Monday, September 27, 2010

The beam that fell too fast...



I normally don't like discussing little anomalies in videos like this, but I found this kind of interesting. Some time ago I posted the image below and noted the single beam that's fallen much further than the rest of the debris, as if it was falling faster than freefall.



In many videos this beam can be seen falling unusually fast, as if it was launched downwards. Up until today I had never bothered to time it, mainly because I couldn't find a continuous shot from a good angle.

The video above is continous and pretty much square on, so I thought I'd use it to see how much time there was between the start of the north tower's collapse, and the moment the beam disappears behind WTC7. As the video shows, it was somewhere between 6.7 and 6.8 seconds. The north tower was 417 meters tall, and WTC7 was 186 meters tall, so the distance between the two roofs was about 230 meters. The amount of time it would take to freefall that distance in a vaccum is about 6.85 seconds.
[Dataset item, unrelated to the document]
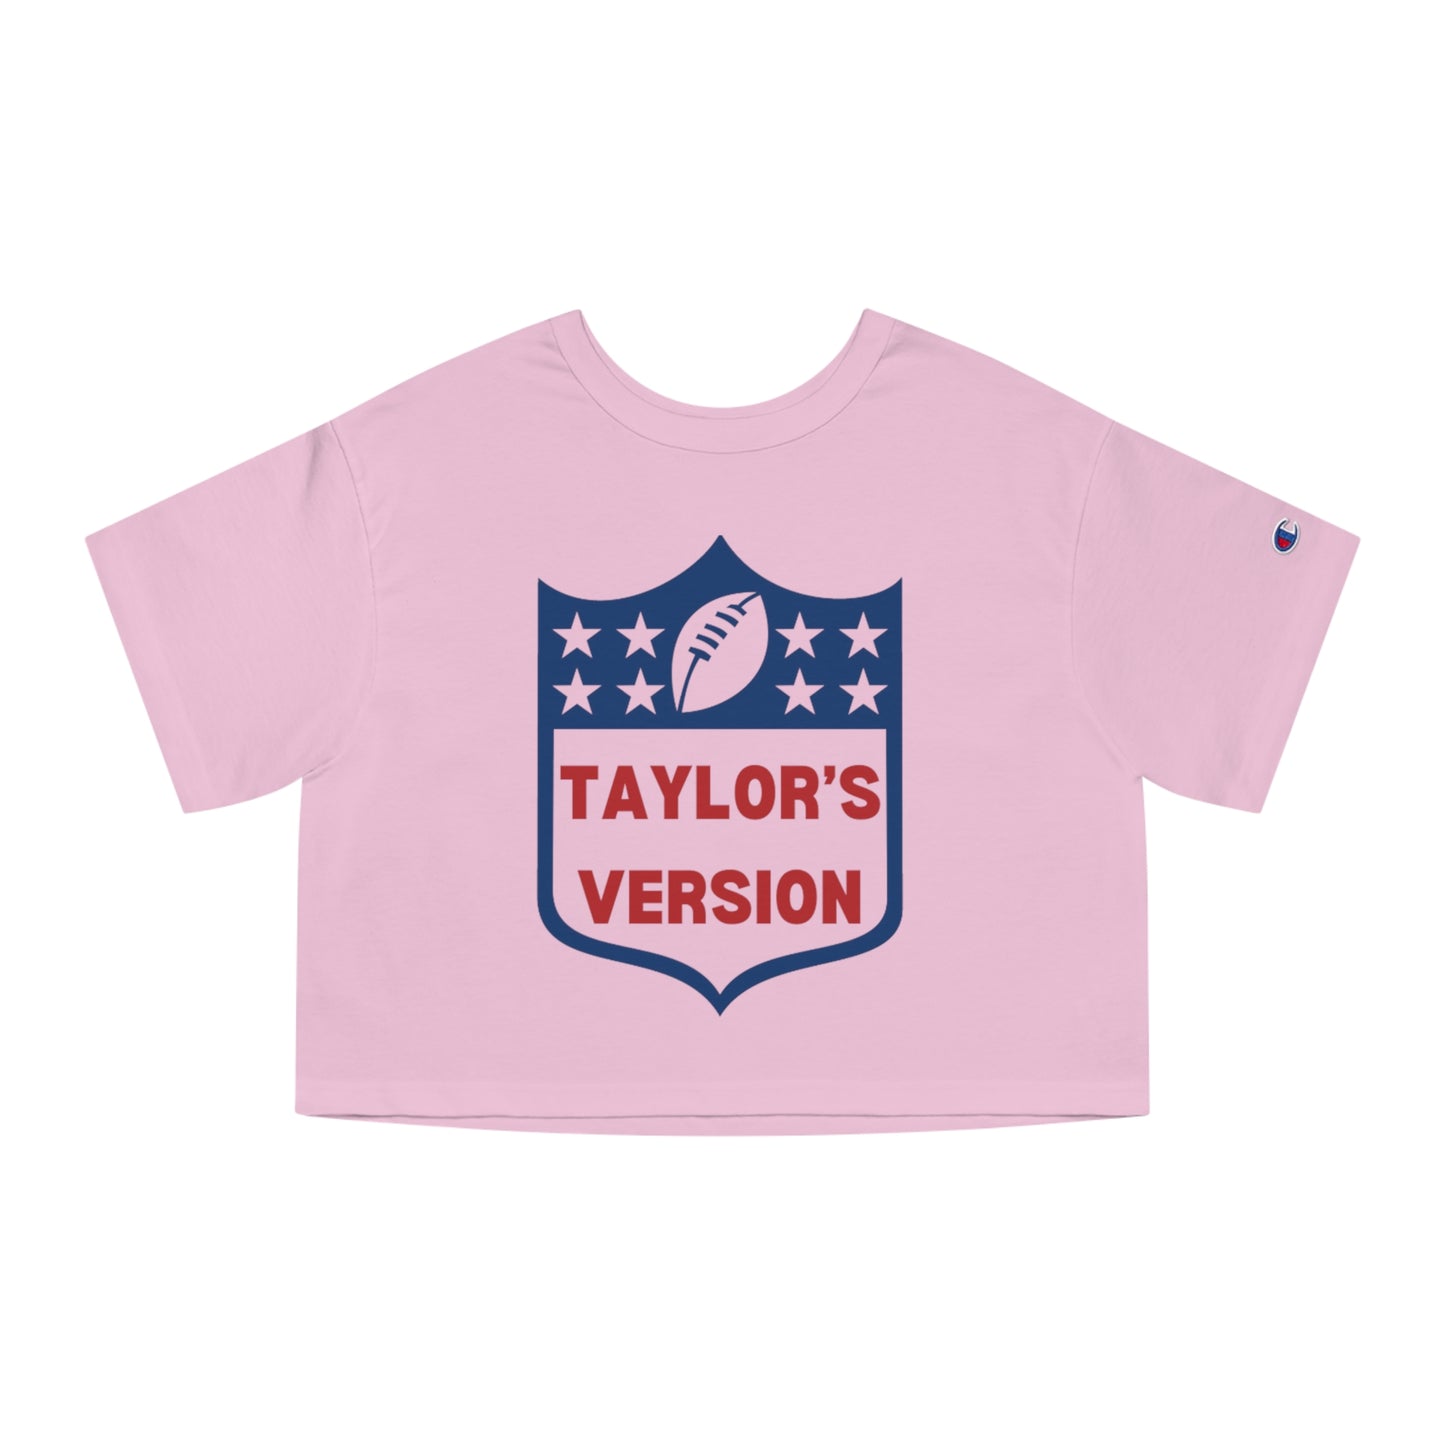 "Taylor's Version" - Champion™ crop top
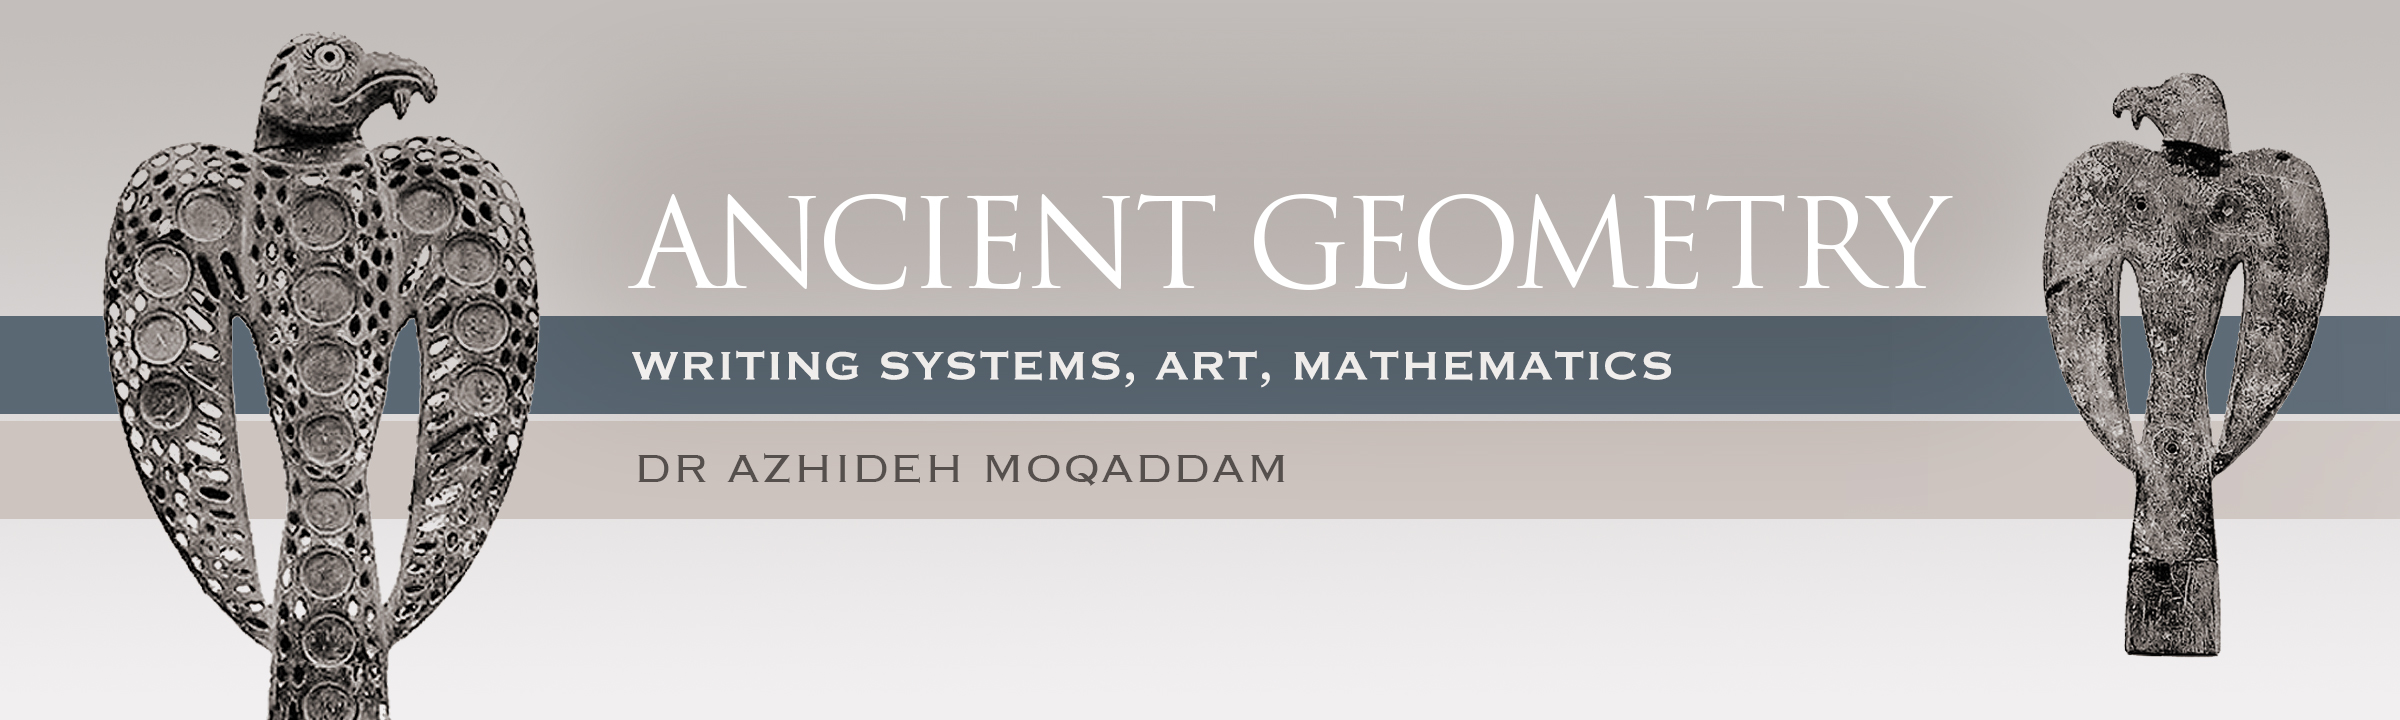 Ancient Geometry: Writing Systems, Art, Mathematics by Dr. Azhideh Moqaddam Bradshaw Foundation

So even if this beam was dropped from the height of the roof of the north tower at the exact moment the tower started to collapse, it still wouldn't have reached the roof of WTC7 in under 6.8 seconds. Put simply, this steel beam had to have been falling significantly faster than freefall. Obviously this is impossible unless it was launched downwards by something, such as an explosion.

So not only were there horizontal ejections, there was also at least one downward ejection!